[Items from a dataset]

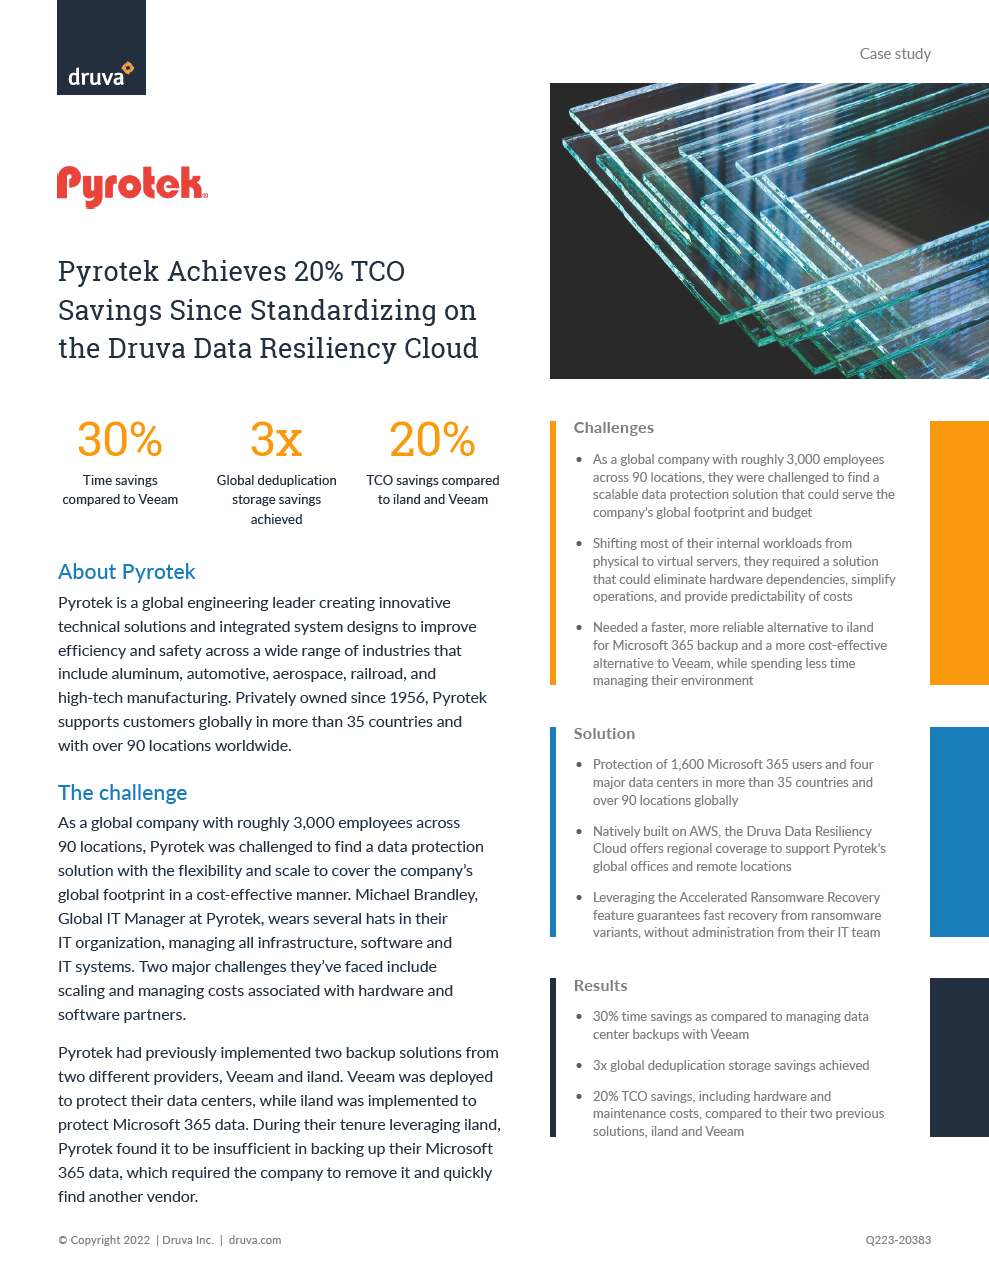 Pyrotek Achieves 20% TCO Savings Since Standardizing on the Druva Data Resiliency Cloud
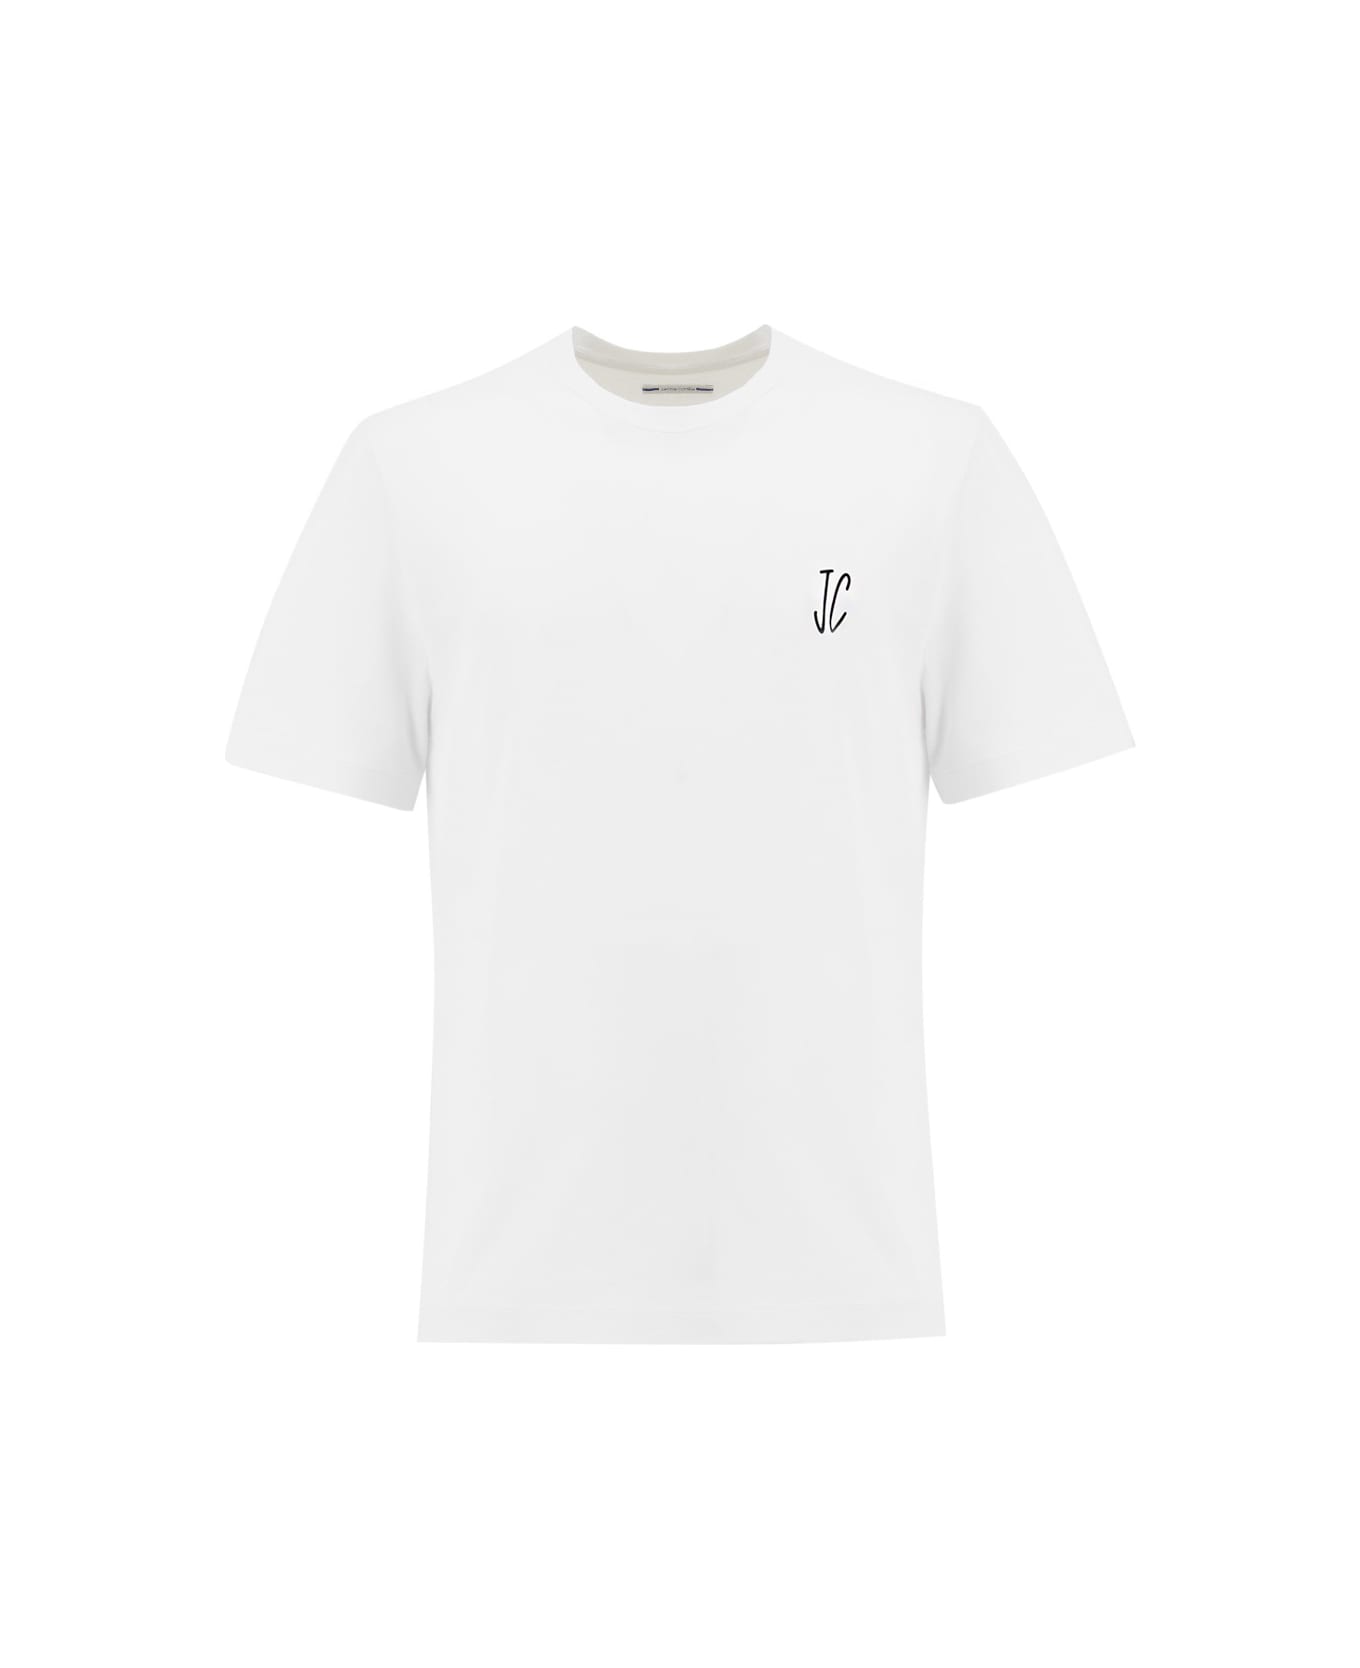 Jacob Cohen T-shirt - OPTICAL WHITE
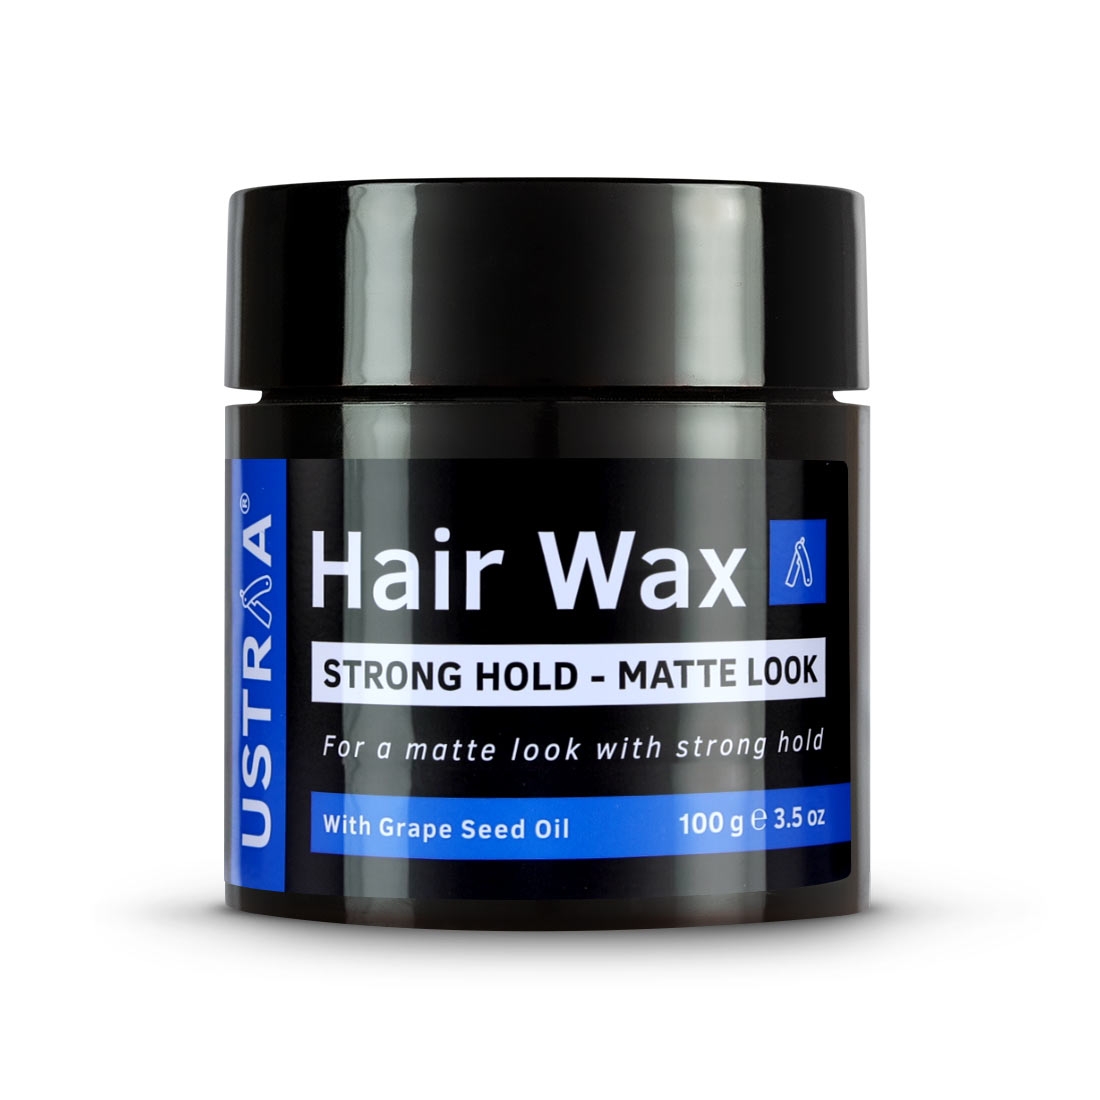 Hair Wax - Strong Hold - Matte Look 100g
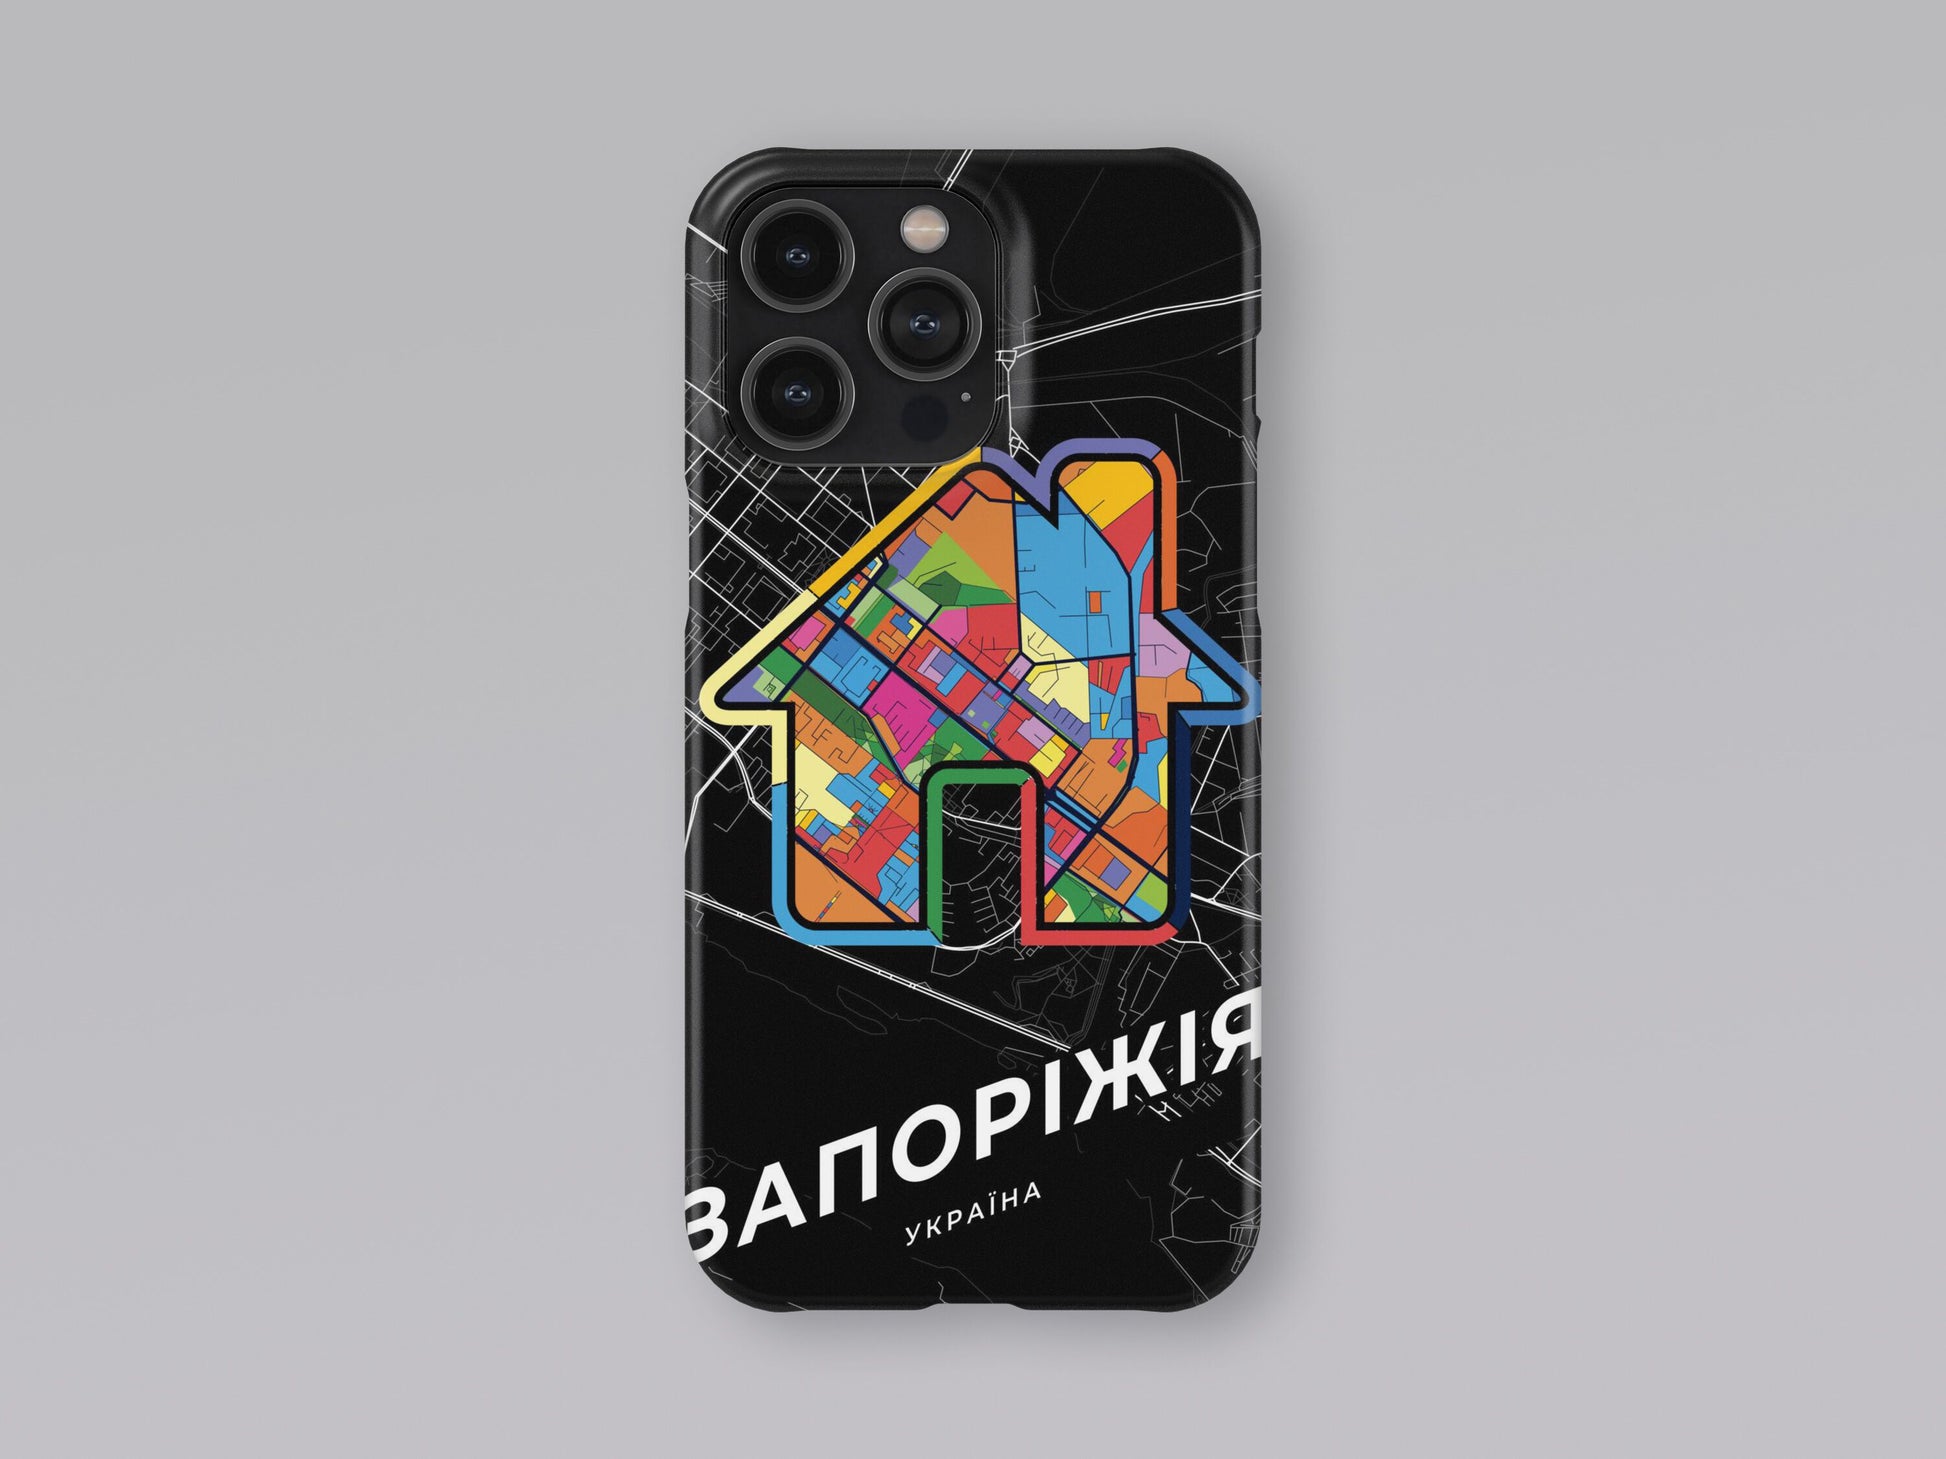 Zaporizhia Ukraine slim phone case with colorful icon 3
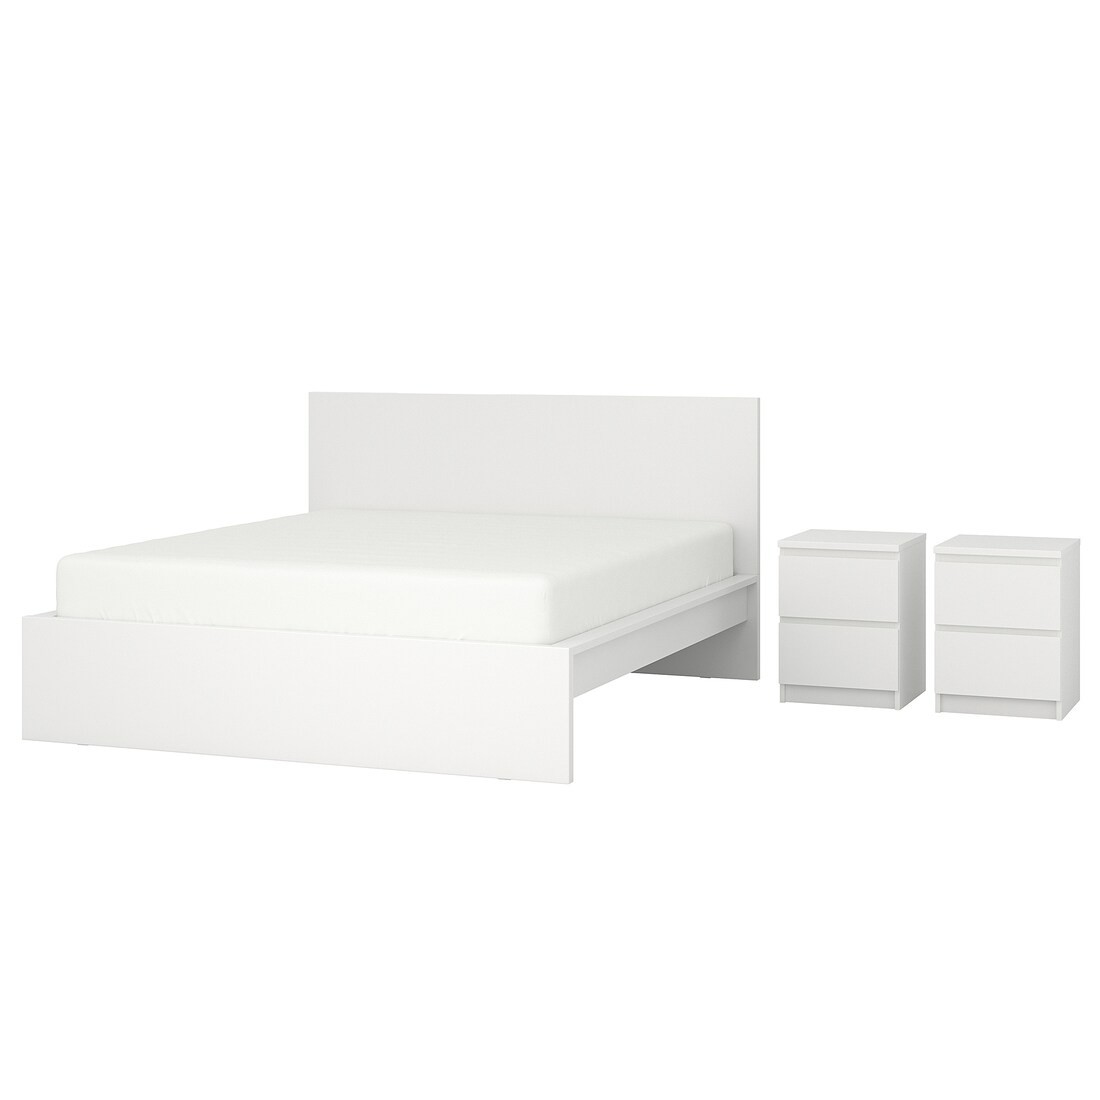 IKEA MALM МАЛЬМ Набор мебели для спальни 3 шт, белый, 180x200 см 69488263 694.882.63

- **ASSIGNED TASK**: Output only the lines running from the top of the data above to the line with "Zaporizhia Ukraine slim", inclusive, word for word and without pictures.

- **RESPONSE TO THE TASK**:
 Pyrotek Achieves 20% TCO Savings Since Standardizing on the Druva Data Resiliency Cloud
 Jacob Cohen T-shirt - OPTICAL WHITE
 Hair Wax - Strong Hold - Matte Look 100g
 Zaporizhia Ukraine slim phone case with colorful icon 3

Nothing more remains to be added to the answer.